En 1965, fut inaugurée l’une des plus imposantes bâtisses de l’époque en plein cœur de la ville de Ouagadougou, à savoir la maison du Peuple, devenue aujourd’hui un édifice à la fois historique et symbolique servant de repère géographique. Malheureusement, son état de dégradation actuelle exige une réfection profonde. Retour sur l’histoire du siège du premier parti politique unique devenu un patrimoine national.
Au-delà de sa dimension historique, la maison du Peuple est un bâtiment très sollicité pour l’organisation d’activités politiques (congrès, meetings, réunions) mais aussi culturelles (concerts, festivals, expositions…), selon Rosalie Kaboré, directrice des Equipements sportifs et touristiques, des Loisirs et de la Publicité de la commune de Ouagadougou.
Aujourd’hui, ce lieu présente un état de délabrement et un décor très inquiétants. Des fissures se remarquent sur les bâtiments, les toilettes externes construites depuis plus de 50 ans sont hors d’usage et la toiture, perméable, rend la tenue d’activité dans la salle en période pluvieuse impossible. La peinture dégradée rend la couleur méconnaissable et bien que la maison ait été arrachée au parti au profit de l’Etat depuis plus de 50 ans, on peut encore lire sur le mur « la maison du parti », d’où l’urgence de sa rénovation.
Une urgence que la mairie mesure. A en croire Rosalie Kaboré, une étude sur la réfection a déjà été menée au niveau communal. Actuellement, la mairie est à la phase de mobilisation des ressources pour sauver cette bâtisse devenue plus qu’un symbole de la ville de Ouagadougou.
En rappel, c’est le 18 octobre 1965 que le parti l’Union démocratique voltaïque (UDV), section du Rassemblement démocratique africain (RDA) ,a inauguré le bâtiment qui lui servira de siège dans le centre de Ouagadougou et dont la grandeur était à l’image de ce parti qui se voulait unique au lendemain des indépendances.

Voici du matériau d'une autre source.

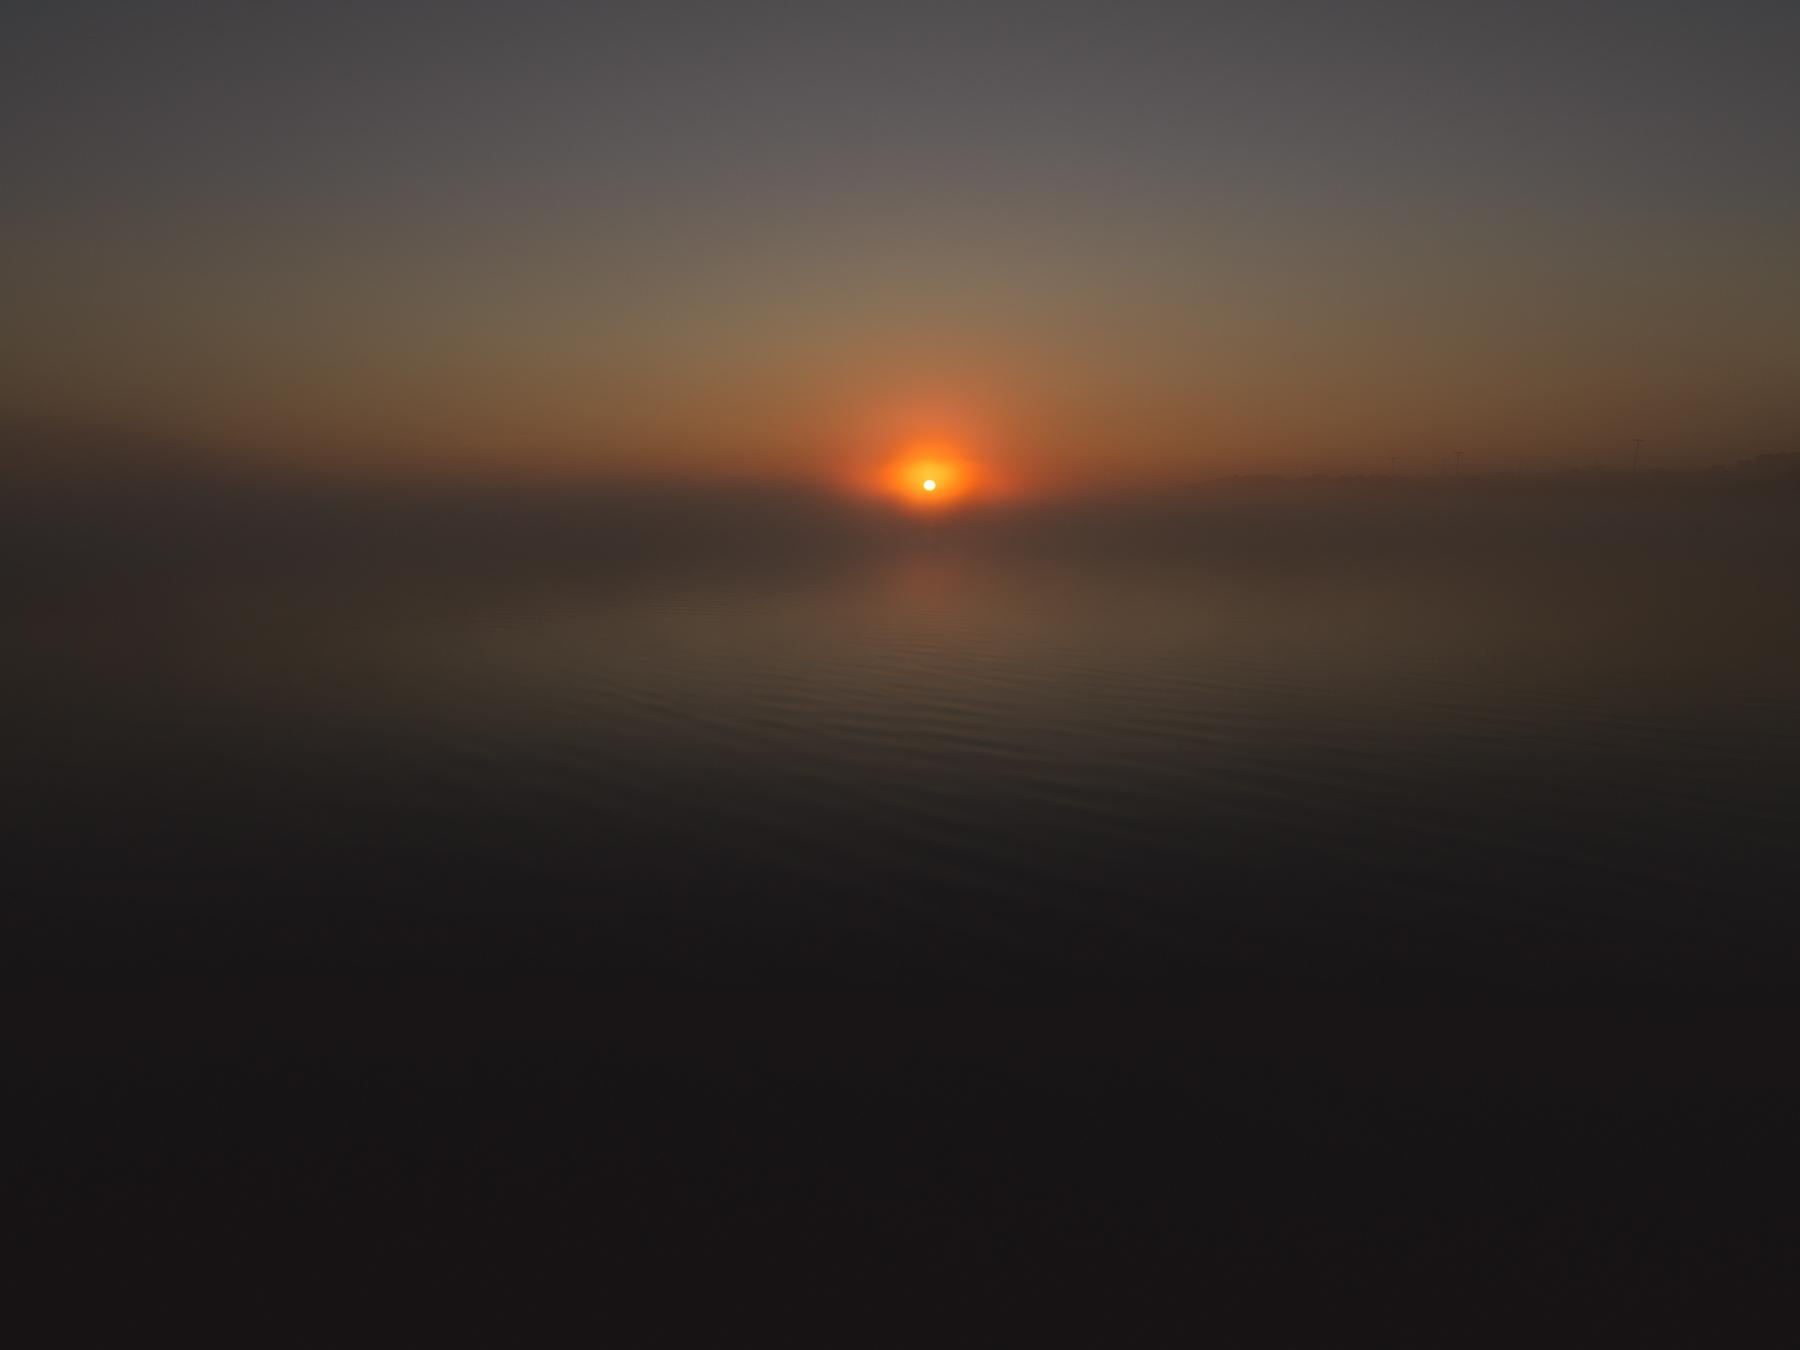 Daybreak at Sesachacha Pond

Les Ouagavillois découvrent un édifice imposant pouvant contenir 3 000 personnes, un salon d’honneur, deux vastes pavillons, une piste et une cabine technique de retransmission radiophonique, ainsi que des restaurants et bars sur une grande cours qui s’étend sur superficie de 42 000 m². Avec une architecture originale mise en forme par des ingénieurs centrafricains qui ont eu la charge de sa construction, la toiture, coiffée par des persiennes de forme pyramidale, laisse échapper la lumière mais joue aussi un rôle de climatisation naturelle. A l’entrée de l’édifice, deux imposantes statues d’éléphants renvoyant au symbole du RDA et sur le mur l’inscription « Maison du Parti » sont encore visibles aujourd’hui. Mais le parti unique n’aura bénéficié de ce joyau que quelque 5 mois. En effet, le 03 janvier 1966 intervint le soulèvement populaire qui balaya le régime du premier président, Maurice Yaméogo. Les militaires au pouvoir procèdent alors au transfert de l’édifice à l’Etat. Ce, après avoir mené des enquêtes qui indiquent qu’il n’y avait aucune trace de la contribution de l’UDV-RDA à la construction de ce palais.

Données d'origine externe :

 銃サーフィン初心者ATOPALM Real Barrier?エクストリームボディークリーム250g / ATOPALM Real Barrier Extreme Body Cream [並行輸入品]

En juillet 1968, la maison du Parti devient officiellement la maison du Peuple et est érigée par la même occasion en établissement public à gestion autonome. A la faveur de la révolution d’août 1983, elle sera réquisitionnée par les tribunaux populaires pour qu’y soient jugés d’anciens dignitaires et ceux qui avaient des comportements réactionnaires. Finalement, c’est à la commune de Ouagadougou que reviendra sa gestion en 2008.
Les années passent, les régimes se succèdent, et la maison du Peuple se voit changer de nom, de tutelle et d’utilité, qui a évolué de la politique à la culture. Aujourd’hui encore, malgré les stigmates du temps, elle garde une sérénité partielle et continue de se voir défier par des artistes et politiques qui veulent tester leur cote de popularité. C’est le cas de l’artiste ivoirien Tiken Jah Fakoly qui ne dissimile pas sa joie d’avoir fait le plein de cette salle au début de sa carrière musicale. Il en est de même de Black so Man, considéré comme le premier artiste burkinabè à avoir fait le plein de cette salle. S’il est vrai que la maison du Peuple résiste aux effets du temps, sa sérénité reste toutefois éprouvée par des imperfections qui attendent d’être corrigées par les autorités communales, afin de préserver la mémoire historique de la ville mais aussi d’offrir au monde culturel et aux autres acteurs une salle digne de ce nom.